Я погладил Керенского по спине. У его ног, под стеклом, бурно дыша грудями, лежала Клеопатра. На лице Клеопатры застыла гневная улыбка. Словно сердилась египтянка, что Александр Федорович, как Октавиан Август, не обращает внимания на богатство ее форм.
Длительное пребывание в паноптикуме вызывает тяжкое, гробничное ощущение. Вы начинаете не разбирать, где живые люди, где статуи. Вам хочется спросить статую, что она думает о завтрашнем дне. И ущипнуть за ляжку посетителя, раскрывшего рот перед крашеной мастикой. Я ушел из паноптикума без радости. К тому ж надо было разыскать редакцию русского журнала "Жизнь" и ее редактора В. Б. Станкевича.
Журнал "Жизнь"
В Берлине, наполненном офицерами Антанты, где день и ночь шла борьба рабочих с правительством, где ощетинились штыками прусские юнкеры и глухо готовились к восстанью рабочие,- было странно найти в немецком пансионе талантливого русского интеллигента В. Б. Станкевича, призывавшего всех к миру. Я нашел его, пройдя весь Берлин, на Пассауерштрассе, 38.
Приват-доцент, писатель, верховный комиссар ставки, В. Б. Станкевич сидел за столом. В кресле перед ним волновался громогласный профессор. Вставляя меж слов длительное "эээ", профессор вибрирующим басом говорил о революции:
- Революция - это подхватившая тройка. И глупо пытаться тройку сдержать. Что же скажете делать? А вот: взять кнут и нахлестывать, наддавать по всем трем. Пусть скачет. Врет - умается. А когда вот умается и повалит с нее пена сама станет. И тогда тройке - крышка. А вы спокойно берете вожжи и выезжаете на дорогу.
В. Б. Станкевич горячо возражал профессору.
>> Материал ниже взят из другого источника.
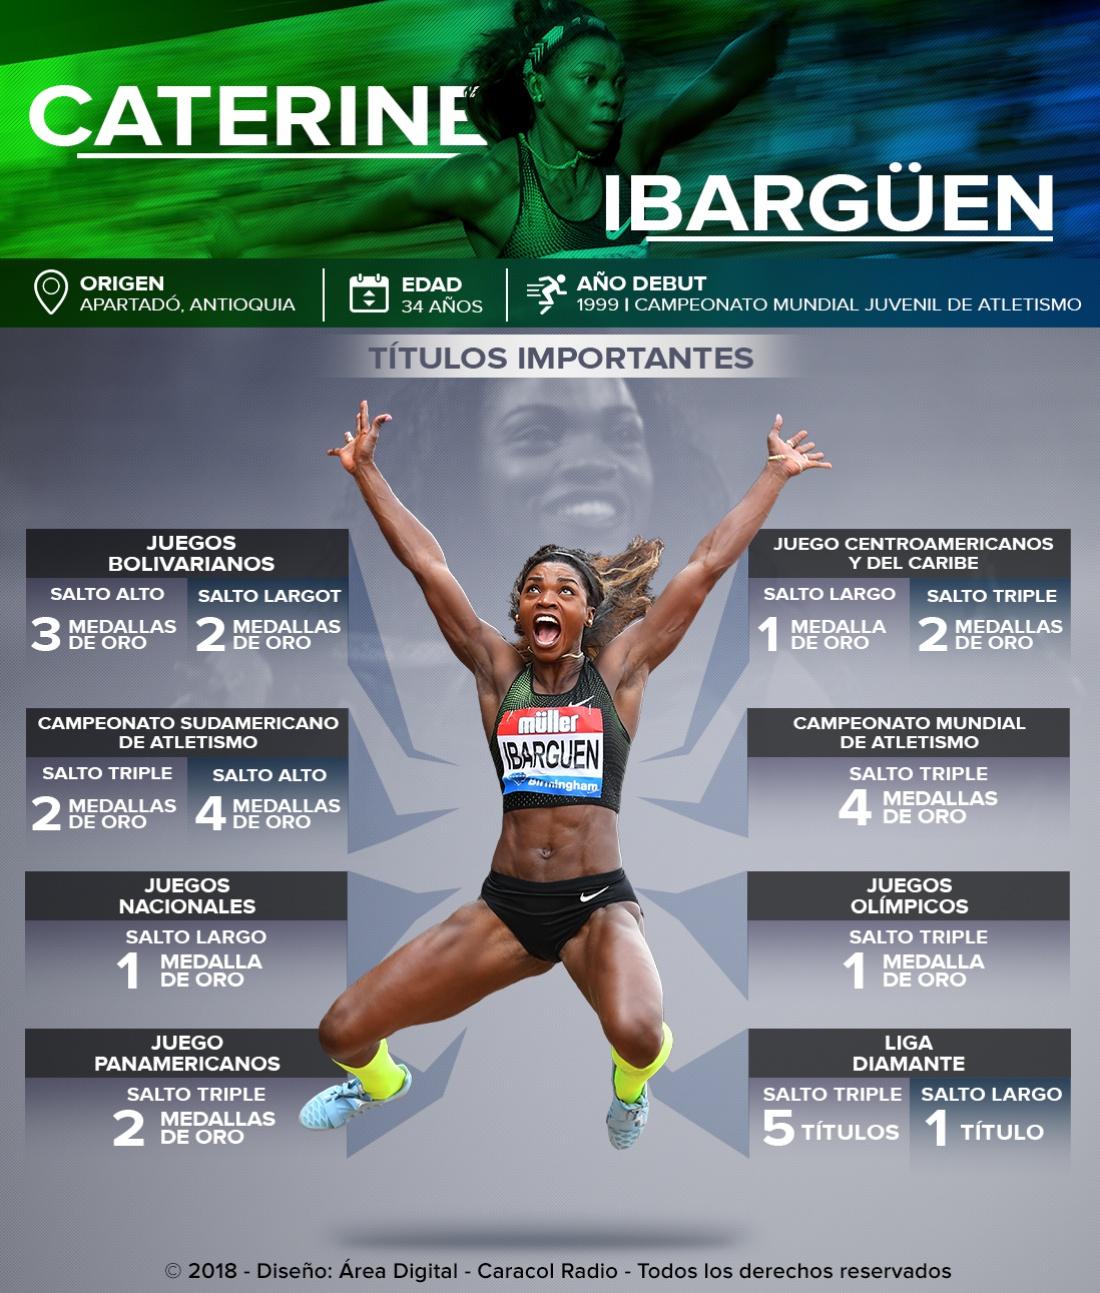 Títulos Caterine Ibargüen: ¡Caterine Ibargüen: la reina del salto mundial!

Но профессору нравилась тройка, и он не сдавался.
На Вильмерсдорферштрассе, 78, на четвертом этаже, в небольшой комнате была редакция журнала В. Б. Станкевича - "Жизнь". Ее сотрудники были разны: В. Голубцов, Г. Росимов, Ф. Иванов, Н. Переселенков, Георгий Ландау, А. Дроздов. Все хотели одного - чтобы кончилась русская гражданская война. Об этом и писали. Одни - в прозе. Другие - в стихах. А когда говорили не о литературе рассказывали странности путей, доведших каждого до Вильмерсдорферштрассе. Поэтически это выражалось так:
Я не видал упорней снов,
Страшнее могут ли присниться.
Ведь это мы летим, как птицы,
От искр взмаяченных костров.
Как делается немецкий путч
С фрау Хюбшер я бранился из-за квартирной платы. Она требовала платить вовремя. А я указывал, что гости соседней со мной девицы ведут себя как першероны и клейдездали34. В разгар такого разговора раздался телефон.
- Как у вас?
- Да вот ругаюсь с хозяйкой...
- Да нет... я о перевороте... что?.. не знаете?.. Это был переворот Каппа 35. На улице было необычайно тихо. Немки стояли в полонезах за гороховой колбасой. А экстренные выпуски говорили, что правительство Эберта Носке в скором поезде бежало в Дрезден, когда в пролет Бранденбургских ворот ночью из Деберица вошла бригада Эргарда. Бригада хотела из Прибалтики идти на Москву. Этот вояж не удался. Бригада решила в крайности взять Берлин. И это оказалось - проще.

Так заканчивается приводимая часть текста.